シャルロッテ「…私は……私はッ!ルーシェさんと友達なの!なんとかしてあげられたらって…!なのに…忘れるなんてできないよッ!」


 そう言い放ったと同時、シャルは走って部屋から飛び出して行った。


楸「あ!シャルちゃん!ちょっと!」


 楸が止めようとしたがシャルは止まらず、階段を降りる足音がだんだんと遠のいていった。

 そうしてシャルが居なくなってから楸と2人、部屋でお互いに無言のまま、少しの間その場に立ち尽くしていた。


 ともだち?シャルと私が…。


楸「…ルーシェさん、今のは…」


 楸はなんて声を掛けていいのかわからなかったのだろう。

 しばらく無言でいたのはおそらく掛ける言葉を考えていたか…だが、少しして私にそう声をかけてきた。

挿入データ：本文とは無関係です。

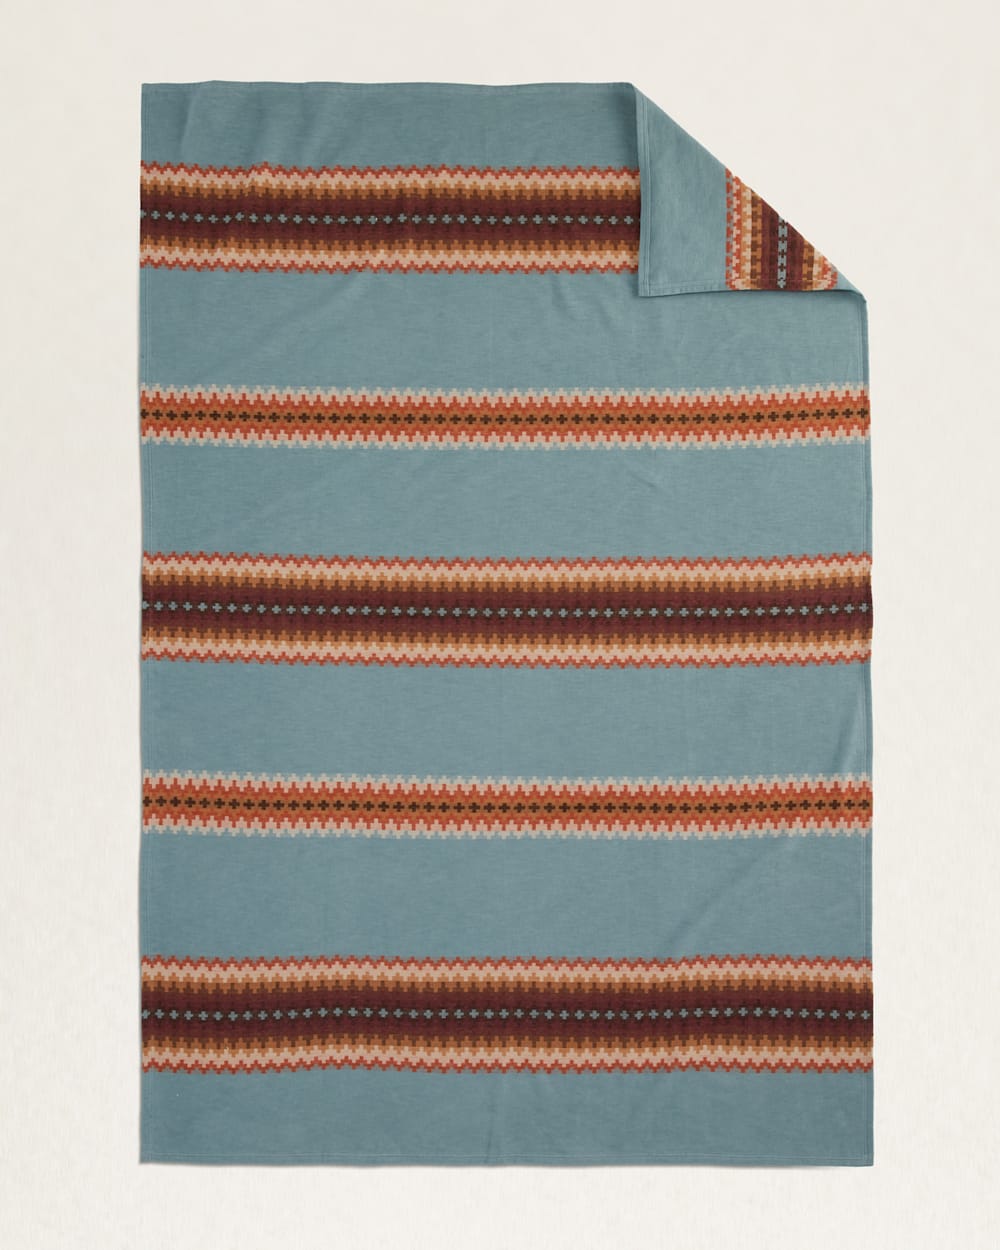 ALTERNATE VIEW OF LUNA MESA ORGANIC COTTON BLANKET IN SHALE image number 1

ルーシェ「……そうですね。もう少し言葉を選ぶべきでした」


 楸にそう言葉を返しながら、私は開けっぱなしにされたドアの前まで行き、そこで立ち止まるとそのまま言葉を続けた。


ルーシェ「……彼女に謝ってきます。…楸さん、今日はありがとうございました」


 そう言い残した後、軽く会釈をしてから私も部屋を出た。


………


『…見てよ、あいつさぁいつも本読んでるよね』

『オタクなんでしょ、きも…』

『こっちこないでよ!菌が移るでしょ!』


 親戚の家に住まわせてもらっていた頃、私はまだ学校へ通っていた。


 あぁ…思い出すな…前世の学校での記憶。

 女子を相手にいい思い出が全くない。

 そんな異性から友達認定…か。